Die empirischen Untersuchungen basierten auf der IAB-Beschäftigtenstichprobe 1975 bis 1995, auf einer im Rahmen des Projekts entwickelten und im Frühjahr 2000 am ZEW durchgeführten Befragung von Personalverantwortlichen in Unternehmen sowie auf Fallstudien und Interviews bei Unternehmen, Gewerkschaften und Arbeitgeberverbänden.

Die Ergebnisse belegen zunächst eine durchaus vorhandene Vielfalt der Entgeltfindung in Deutschland. Tariflöhne spielen zwar eine wichtige Rolle, allerdings sind sie rechtlich zwingend nur für etwa 40 v. H. der Unternehmen und 30 v. H. der Beschäftigten. Einzelvertragliche Regelungen der Löhne sind keineswegs selten. Dennoch legt die empirische Untersuchung die Existenz von Lohnrigiditäten nahe, die für tarifgebundene Arbeitnehmer auf Tariflöhne zurückgeführt werden können. Tariflöhne sind somit mitverantwortlich für unvollkommenen Lohnwettbewerb und damit auch für eine mangelnde Beschäftigungsdynamik in Deutschland. Dies basiert auf der kollektiven Verhandlungsmacht der Beschäftigten, die durch Kündigungsschutz, Mitbestimmung und Tarifautonomie noch gestützt wird. Zusätzlich konnten weitere Gründe für Lohnrigiditäten identifiziert werden, darunter Effizienzlöhne und nominal effiziente Verträge. Dies konnte erklären helfen, warum viele Unternehmen die bestehenden rechtlichen Spielräume für Lohnsenkungen nicht ausnutzen.

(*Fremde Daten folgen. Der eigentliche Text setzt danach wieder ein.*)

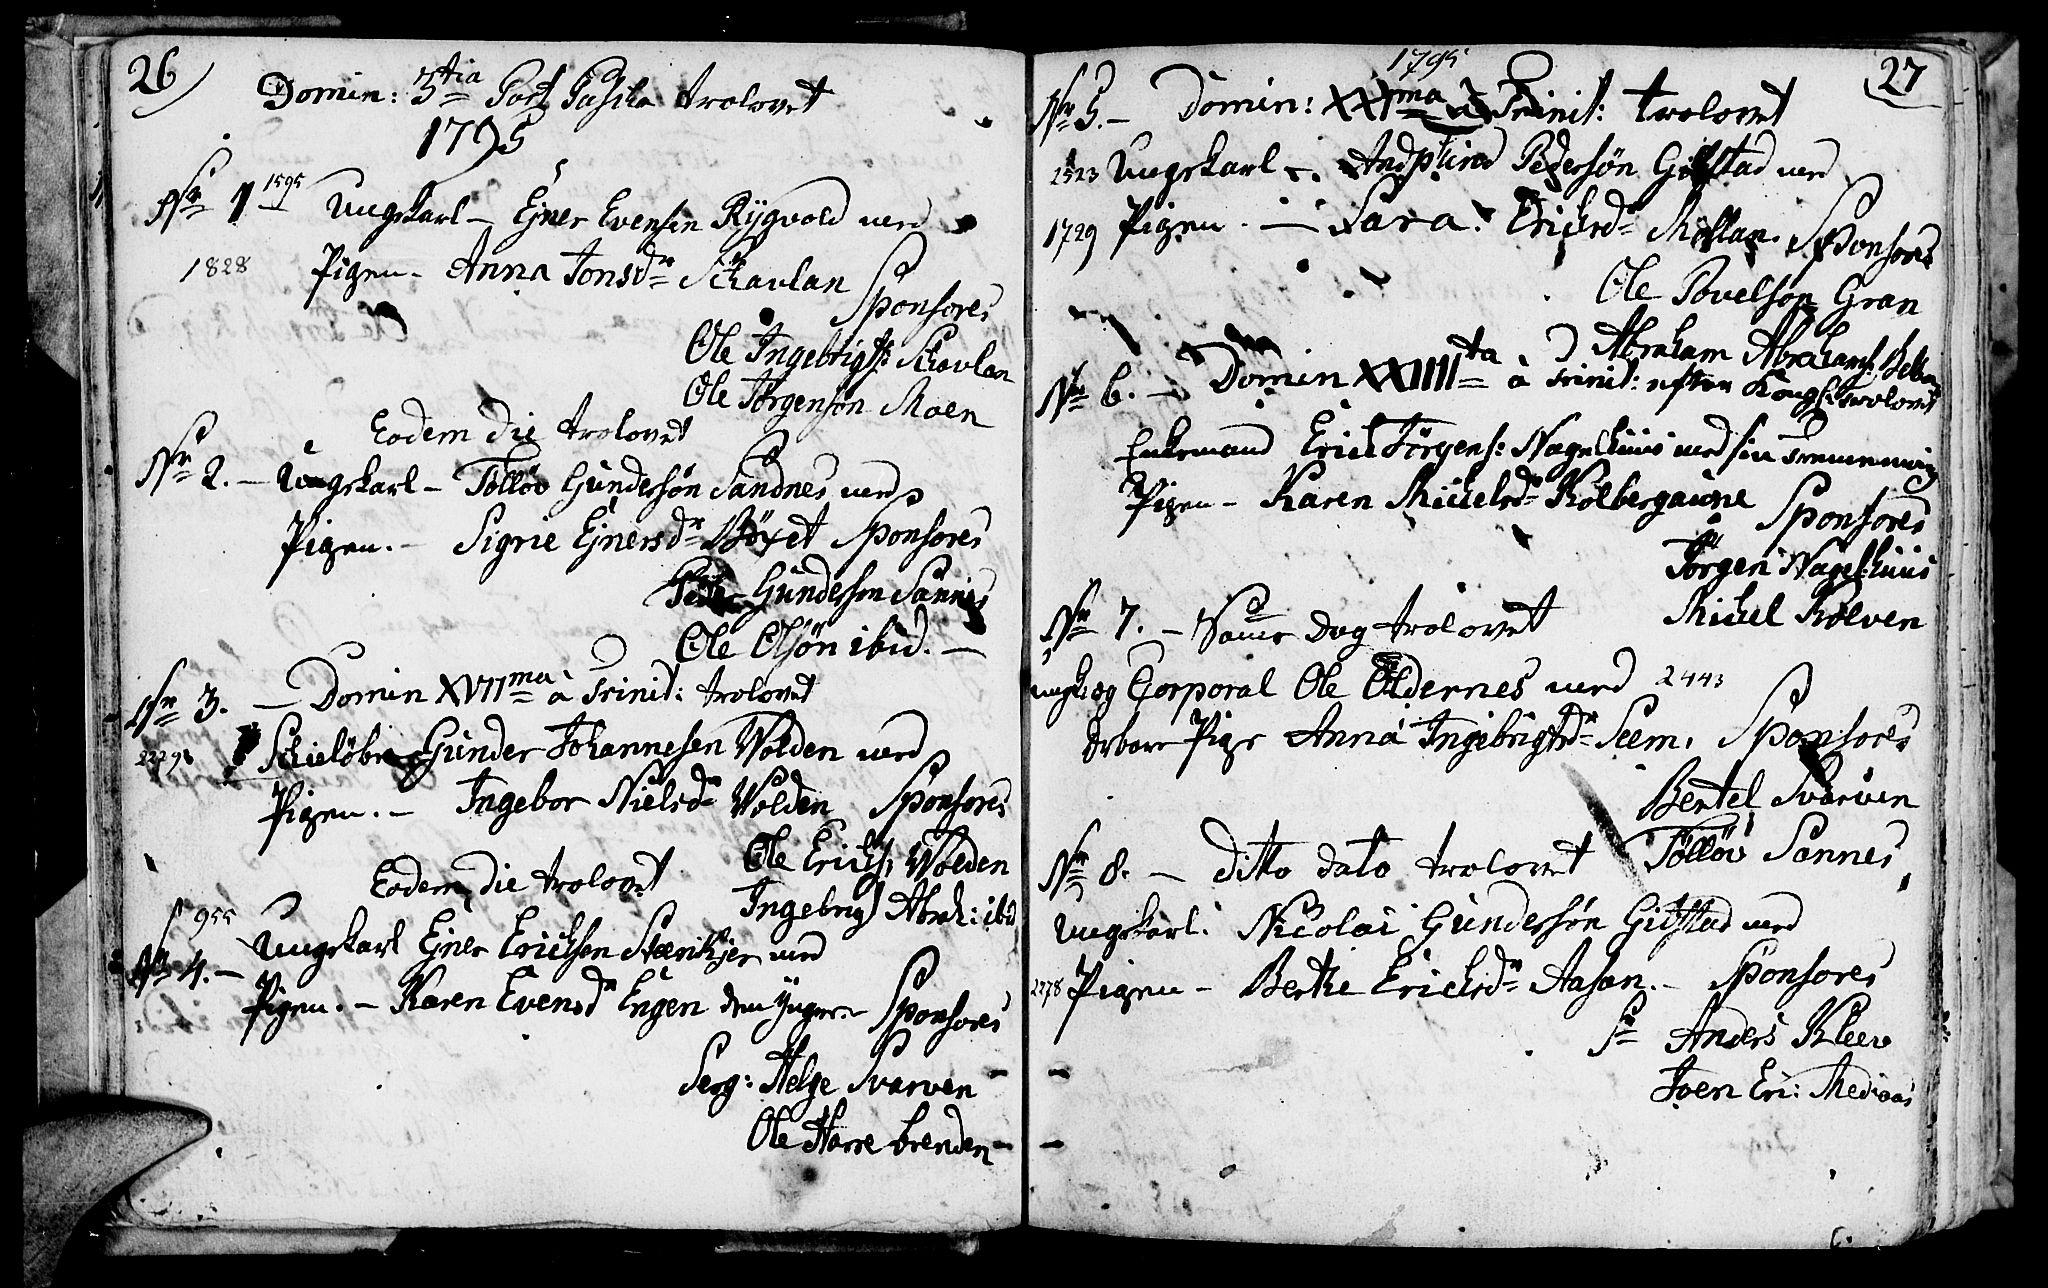 SAT, Ministerialprotokoller, klokkerbøker og fødselsregistre - Nord-Trøndelag, 749/L0468: Ministerialbok nr. 749A02, 1787-1817, s. 26-27

Neben den genannten ökonomischen Ursachen, die letztlich in der Rationalität von Arbeitgeber-Arbeitnehmer-Beziehungen zu Lohnrigiditäten führen, ist auch ein zunehmendes "Arbeitsrechtsrisiko" mitverantwortlich für den Mangel an Lohnflexibilität. So scheinen viele Unternehmen die bestehenden rechtlichen Spielräume für Lohnsenkungen wegen verbleibender rechtlicher Unwägbarkeiten nicht zu nutzen. Ausführliche Handlungsempfehlungen zur Flexibilisierung des Arbeitsentgelts können im Abschlussbericht nachgelesen werden.

Ausgewählte Publikationen

Beiträge in referierten Fachzeitschriften

Franz, Wolfgang und Friedhelm Pfeiffer (2006), Reasons for Wage Rigidity in Germany, LABOUR - Review of Labour Economics and Industrial Relations, 20 (2), 255-284.

Kaiser, Ulrich und Friedhelm Pfeiffer (2001), Collective Wage Agreements and Firms' Employment Policies, LABOUR: Review of Labour Economics and Industrial Relations 10 (3), 319-341.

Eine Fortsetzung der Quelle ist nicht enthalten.